AFAIK hl1 maps needs to be open in hammer, tweaked a bit and then recompiled to function in hl2. You also better have those originals .rmfs rather than a .map or a even worse, a .bsp :)
There already is a term: Quake Source Port
https://quake.fandom.com/wiki/Source_port
Qames/quake from 9front =). It can run LibreQuake with Malice as a MODs, and that's it. Quake, Quakeworld and everything for vanilla, no modern changes like QuakeSpasm or worse, DarkPlaces. If someone backported HL2 to the original Quake with reduced physics and still run under a Pentium III fast enough, it would be something astonishing.

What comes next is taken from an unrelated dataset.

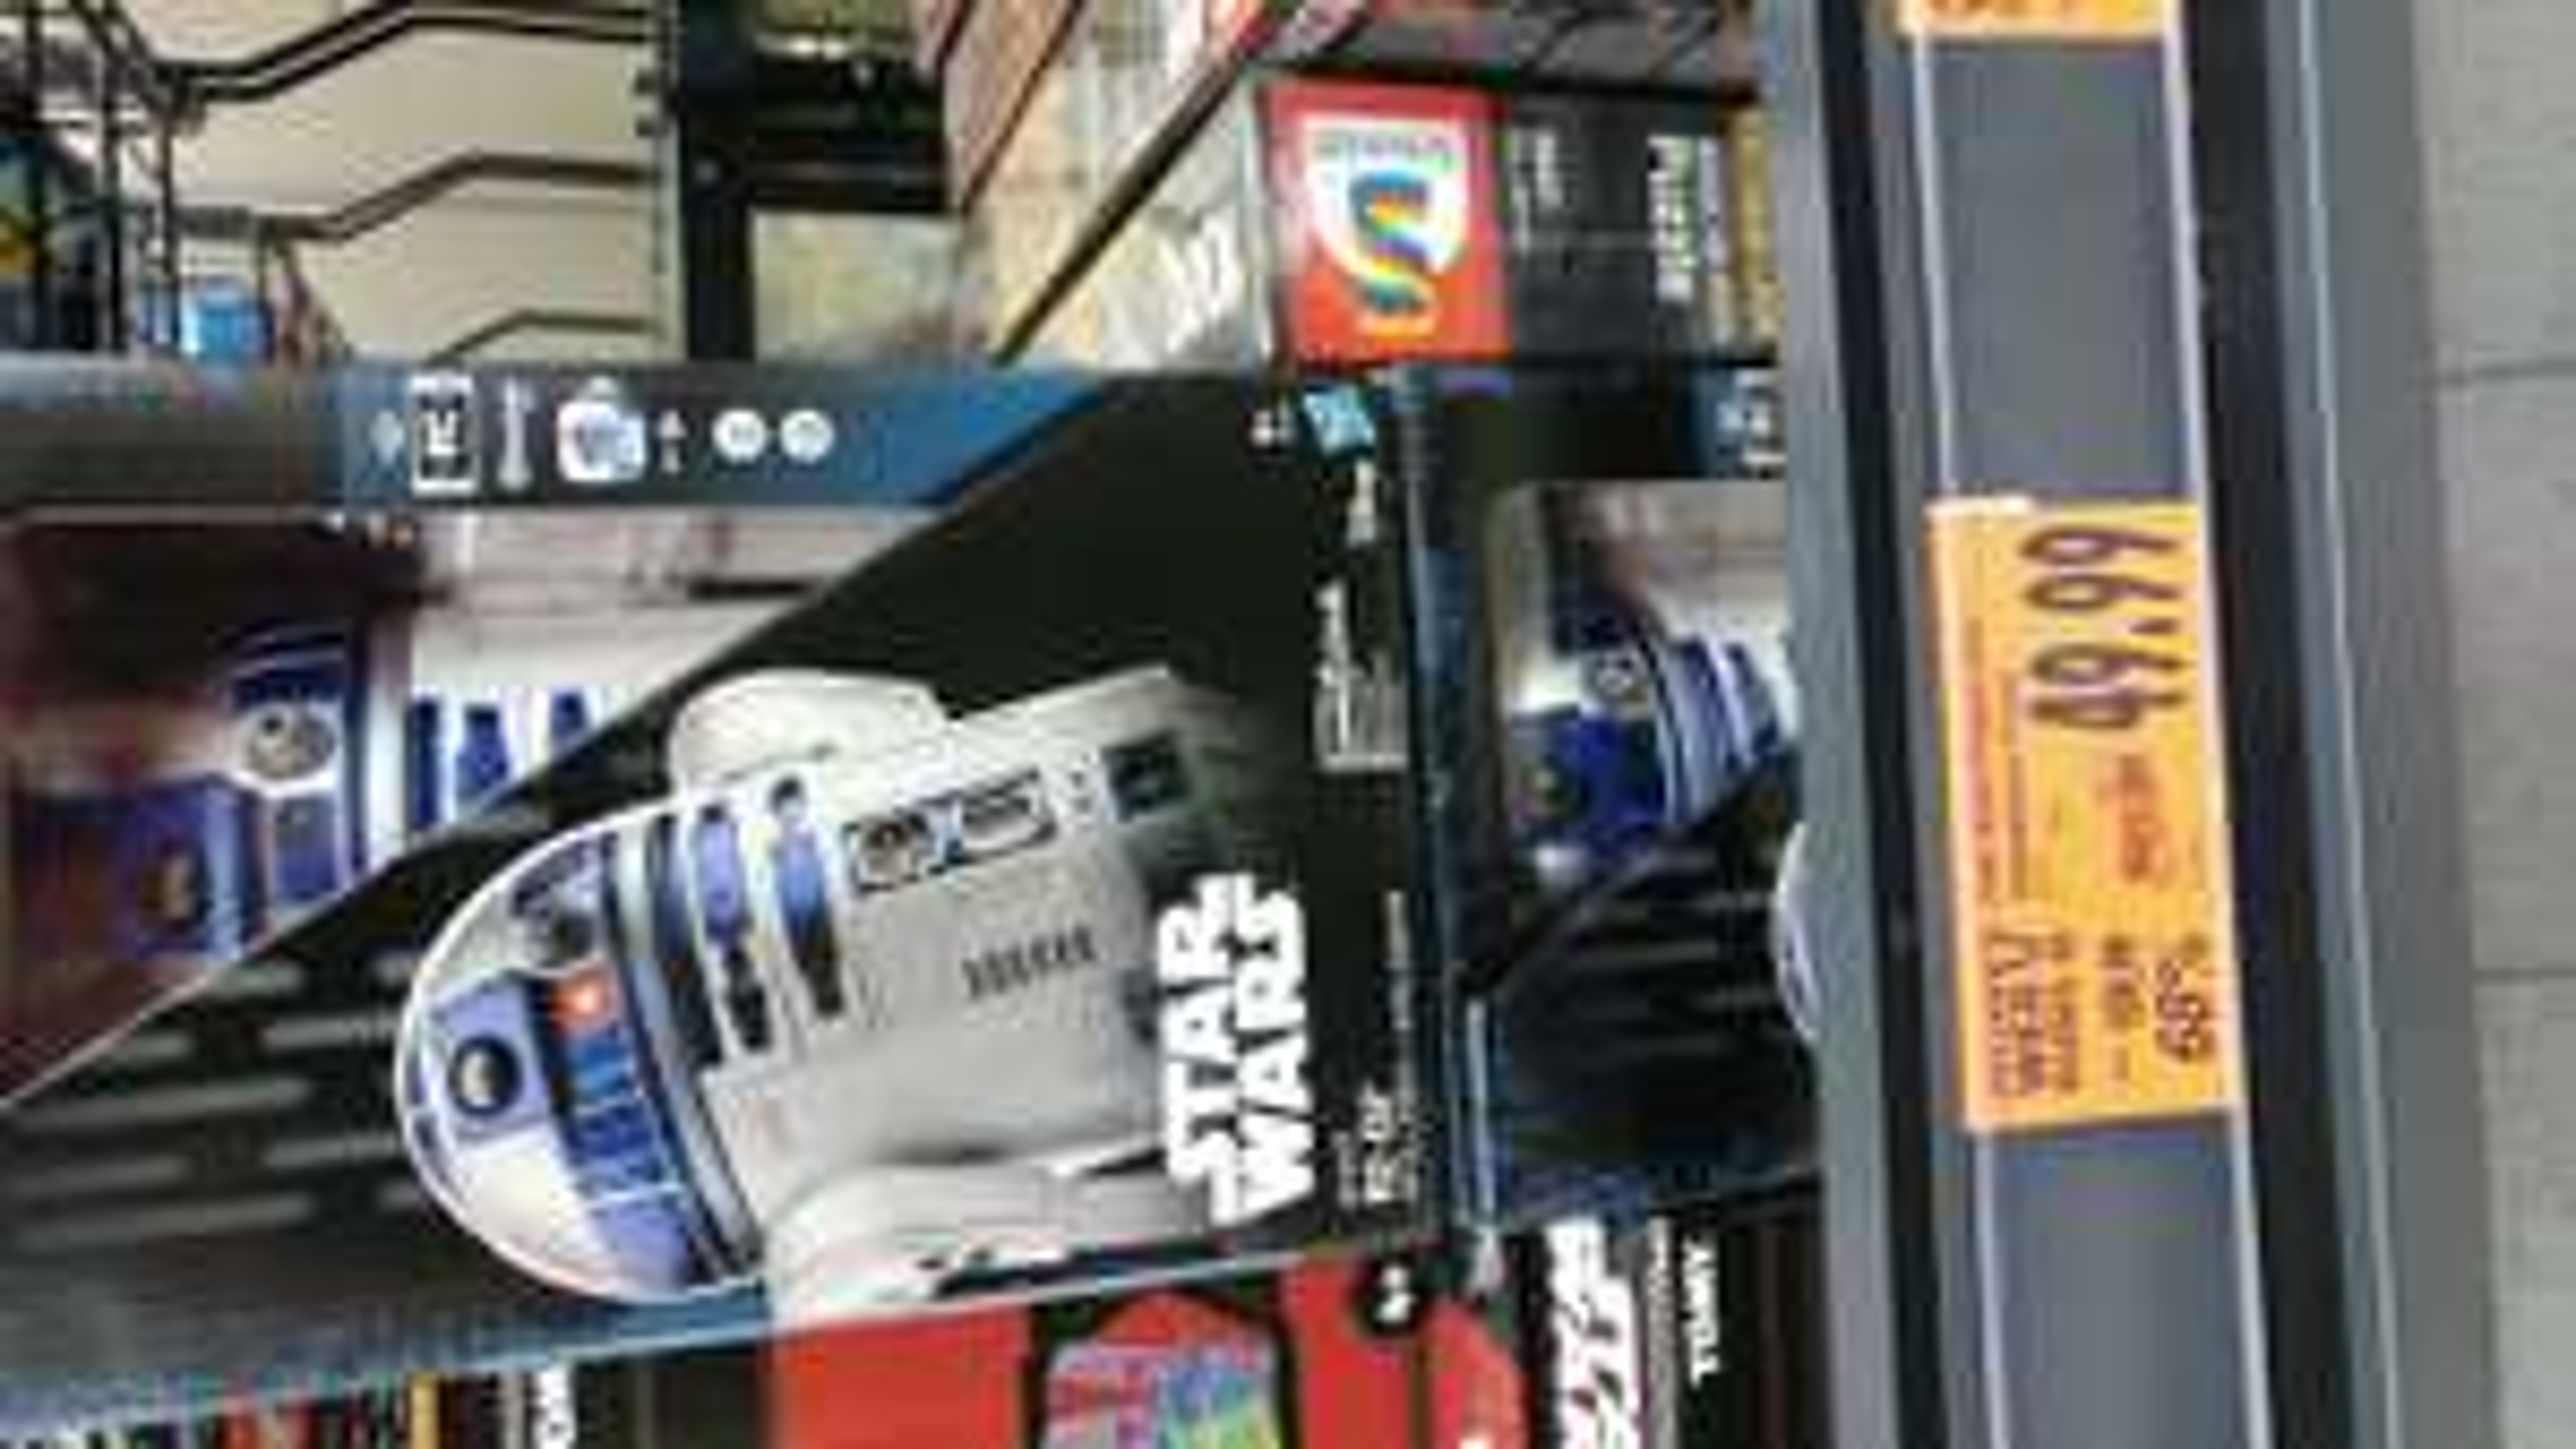 R2-D2 - Ferngesteuerte Star Wars Figur  lokal Kaufland Zwickau

I see impressive stuff with reimplementations such as Surreal Engine, but they will require far more powerful machines.
If Surreal had a software renderer (not requiring AVX or similar) running under an SSE2 machine, that would yield even more respect, because if your reimplemented engine runs in legacy machines the portability would explode. Just have a look on Scummvm on how many platforms and OSes can it run. Or the Super Mario port for PC, where some fork supports even 3DFX under DOS, and GL 1.2. Thus runnable under TinyGL with no 3D accelerators and even under Plan9/9front with custom tweaks.

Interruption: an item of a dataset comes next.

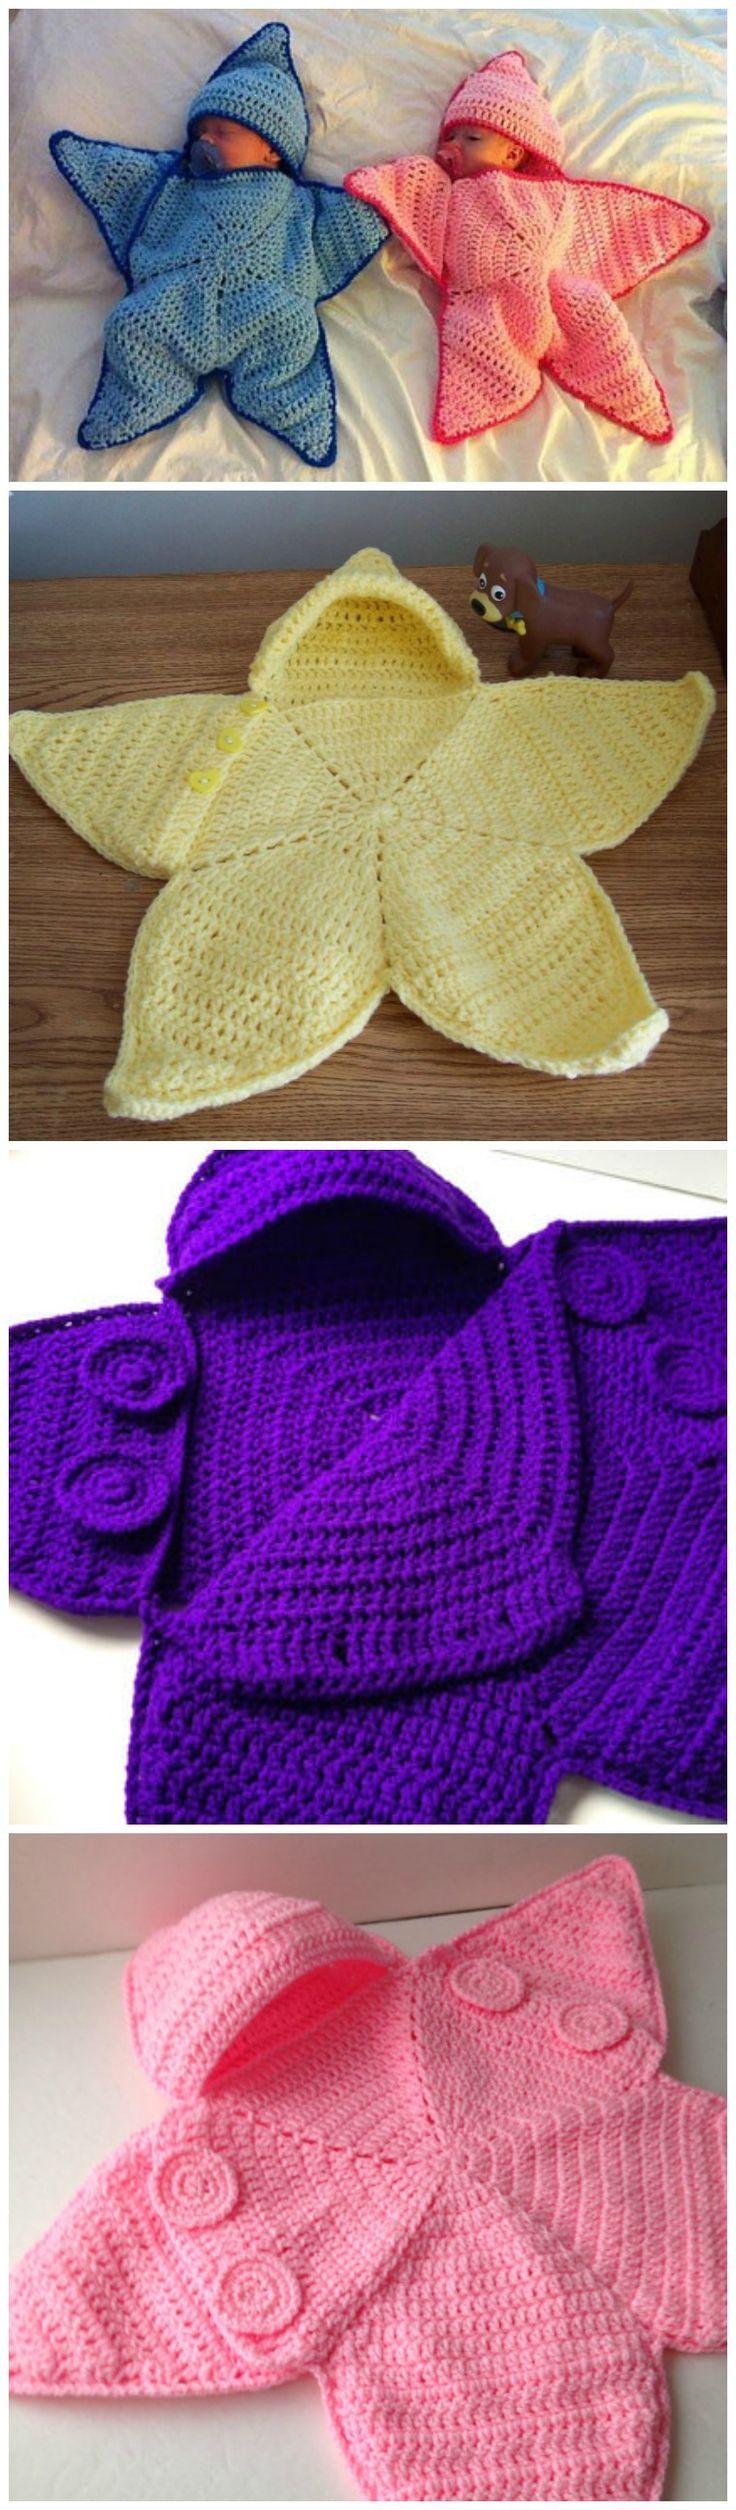 Crochet Baby Bunting Twinkle Star Baby Toddler Crochet

Half-Life 2 looks incredible in Quake 1, what gives?
Quake's engine is open source and for example nvidia used it in some more recent tech demos, although this one's for Quake 2: https://www.nvidia.com/en-us/geforce/news/quake-ii-rtx-v1-2-...
Quake 2 was when they added multi-colored lighting - it's really aged well.
SSL_ERROR_BAD_CERT_DOMAIN
Seems to be using a dnsft.cloud.zyxel.com certificate. Is this a home router?

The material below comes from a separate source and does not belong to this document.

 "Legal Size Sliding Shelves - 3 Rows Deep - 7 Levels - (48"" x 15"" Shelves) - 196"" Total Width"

https://community.zyxel.com/en/discussion/23595/why-i-get-bl...
Seems like you or someone upstream of you uses a Zyxel brand device that has some kind of dns content filtering enabled. You should be able to get around this on a given machine by configuring an alternate dns provider (dns over https, cloudflare's 1.1.1.1, google's 8.8.8.8, quad9's 9.9.9.9, etc.) or doing something similar at your own router/dns resolver/dhcp server if it's not the thing doing this.
I certainly don't get that cert. I'm seeing a LetsEncrypt cert for idtech.space with various SANs.
Maybe you are MITM`d?
Ah. Looks like it is being blocked by my corporate software.
Thx for the replies.
De-makes are interesting because they continuously seem to show what may have been possible long ago in ancient engines if teams pushed them even further.
Then again maybe that level of detail even in idtech1 would have required more computing than was available for many years.
I do suspect this would not run well on a 75 Mhz Pentium 1. It would be very surprising if Quake 1 was actually the pinnacle of what as possible on the hardware of the time, though. id made exactly one game targeting that generation of hardware, and then their next game had meaningfully higher system requirements despite coming out only a year later. The hardware capabilities were changing so fast that there simply wasn't time to iterate on a specific target.
Would it work under vanilla quake 1? Ah, no. I can't check it out.
Good job keeping me away with Anubis, btw.
Are you a LLM?
No, just a 9front user with a web browser, Netsurf. I shouldn't need JS to read an article you know.